A look at feature stores to enable machine learning
Working with data is messy and getting it ready for any kind of model building is a painstaking and time-consuming process. Building feature stores is meant to optimize this process for all machine learning teams in an organization.
The concept of a feature store is growing in popularity with Uber introducing the concept in 2017 as part of the data management layer in their machine learning platform, Michelangelo. Netflix used a similar concept called a feature encoder in their time machine, Delorean. Other companies embracing feature stores include Linkedin and Airbnb.
What is a feature store?
A feature store is a curated collection of pre-computed features, stored in a centralized location. Features are calculated by joining raw data sources and transforming them into formats that can be interpreted by machine learning models. They are then stored under descriptive names in a central location, making them identifiable and accessible to the teams using them.

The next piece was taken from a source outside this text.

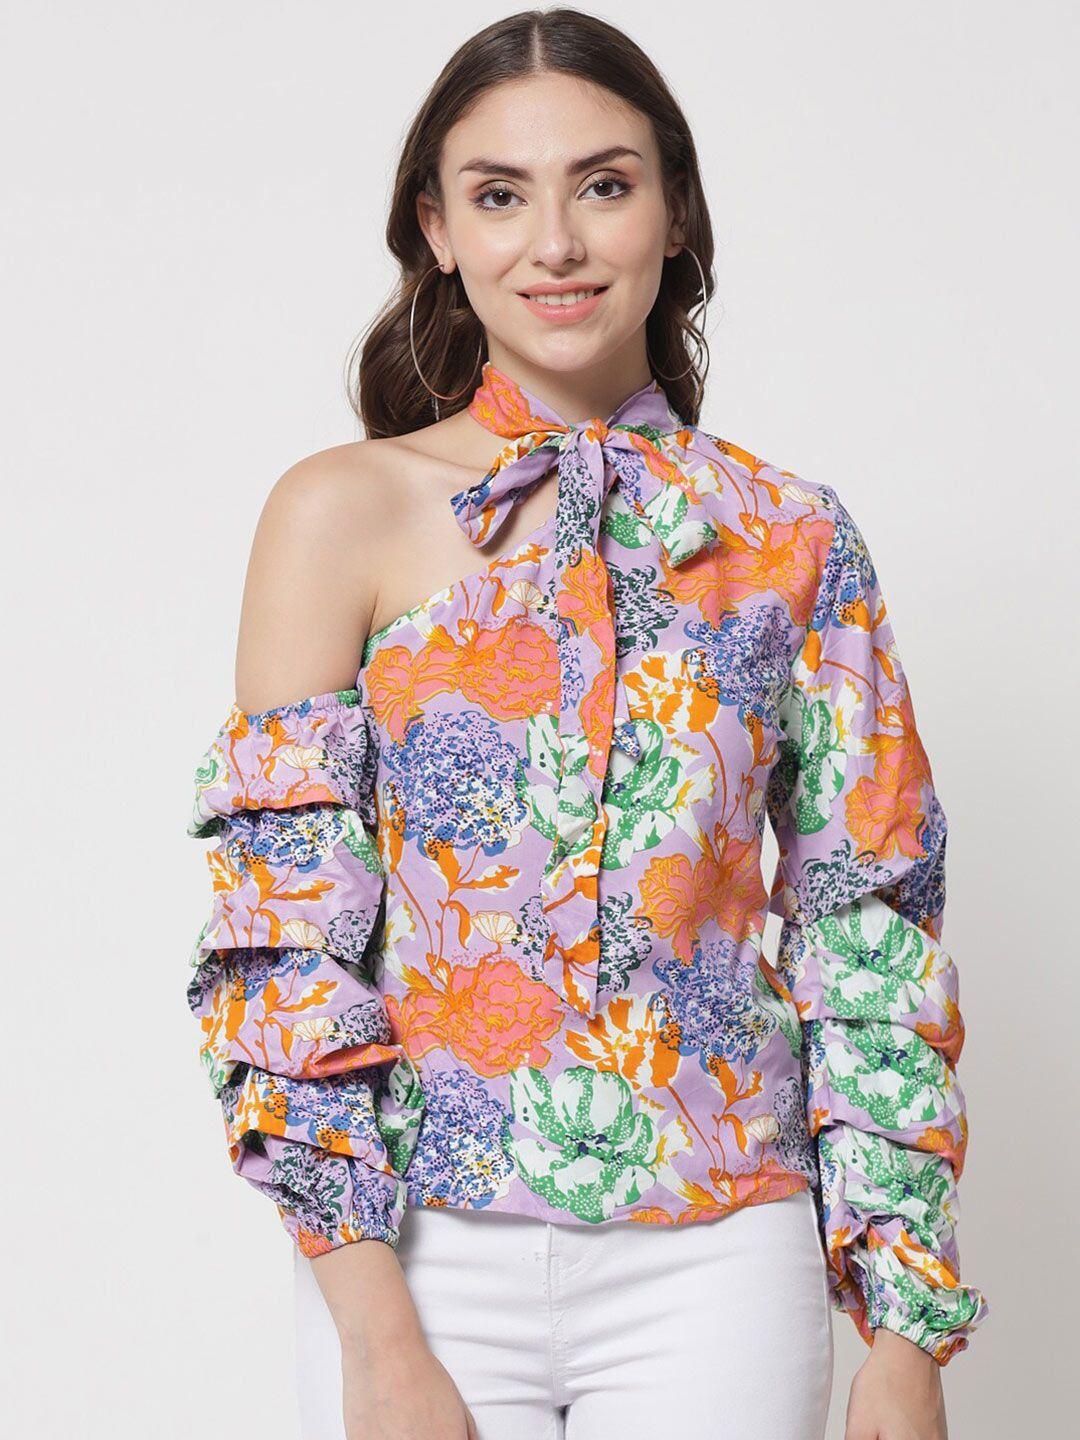 the dry state orange & green floral print tie-up neck top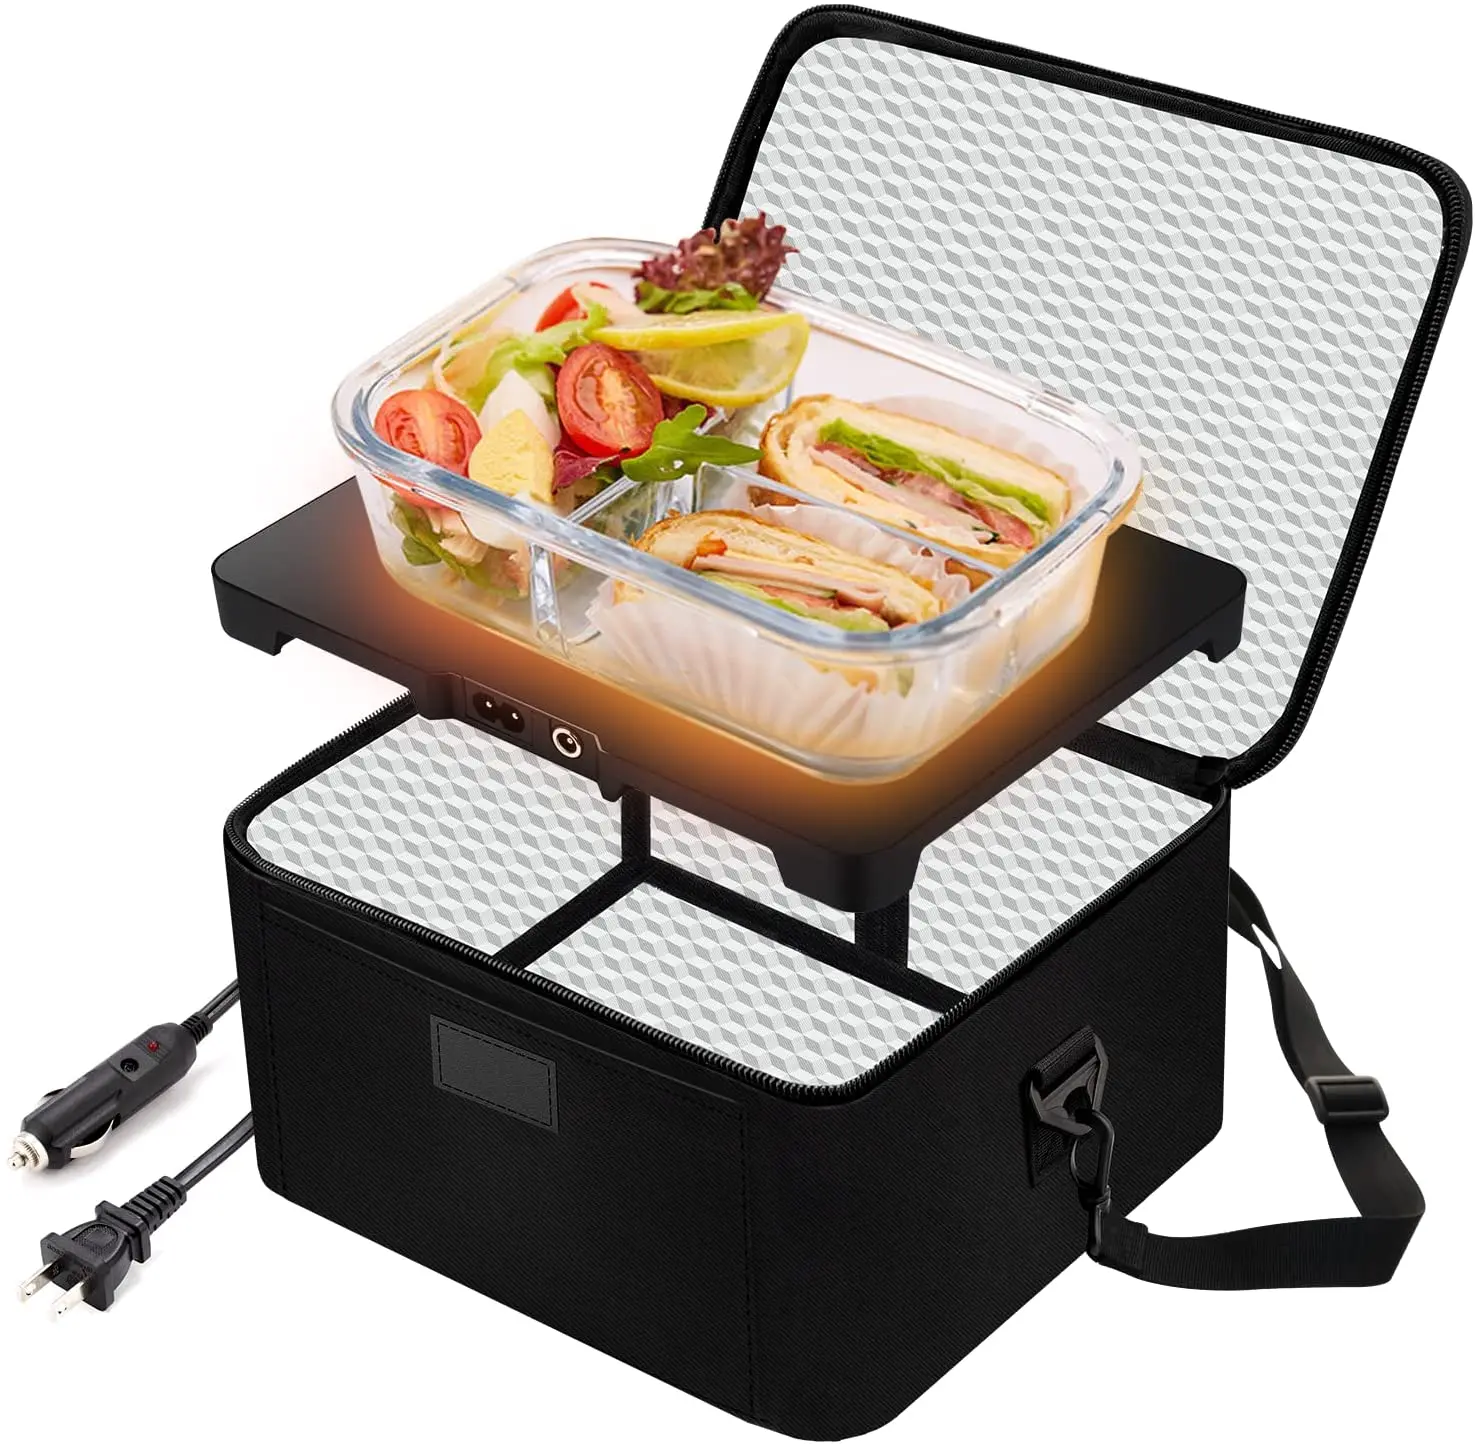 Portable Electric Lunch Box 12V Food Warmer Mini Microwave Oven for Car

In addition to storing the features, the feature store has the functionality to continuously update the feature calculations as new data is added and track that data lineage. They also have the functionality to create new features and backfill them using the historical data.
But what is it for?
Data scientists at Airbnb spend up to 60% of their time engineering features to be used for machine learning and Uber says during model training the most time is spent transforming and selecting features. Creating these features is a fundamental part of the machine learning workflow but also a an inefficient one.
Feature stores solve several problems in the machine learning workflow:
1. If features are calculated ad-hoc as part of the pipeline, they are difficult to reuse across different pipelines. This wastes time and resources during the experimentation phase. Feature stores standardize how features are accessed and make them reusable across pipelines and teams.
2. It allows teams to share insights by including new features that they have found useful in the store.
3. Feature stores also create a consistency in data. Various teams may unknowingly be creating the same features, a waste of resources but also various implementations may produce different results obscuring the definition and understanding of the feature to the teams and the company.
4. Features are automatically updated when new data comes in, but the data lineage is tracked. This way teams do not have to redo all the calculations to update their features, but they can still replicate experiments from before data updates occur. This is important for explaining model decisions and tracking model performance over time.
5. Features calculated during the experimentation phase in the data scientists preferred language may not be perfectly replicable in the production system. This causes an inconsistency in the features used for training and those calculated for live predictions. Performance of a model is then difficult to measure accurately until it is deployed, which can be a costly mistake.
The feature store makes it possible for teams to search through a catalogue of features for what they need. Teams can gain insight from other teams by browsing the existing features or sharing their own when they add new ones. The time saved on feature engineering can then be dedicated to model building. Since this is a very experimental process, the time added to the model building phase allows more ideas to be tested and a better solution built.
Off-the-shelf or custom-built?
Netflix, Uber, and Airbnb have all created their own custom feature store implementations. Since these companies were at the forefront, they did not have an off-the-shelf solution available to them. However, not every company needs a completely custom-built option and now there are off-the-shelf options available. Open-source feature store services are available from Hopsworks and Feast with Airbnb planning to open source their solution, Zipline, in the future.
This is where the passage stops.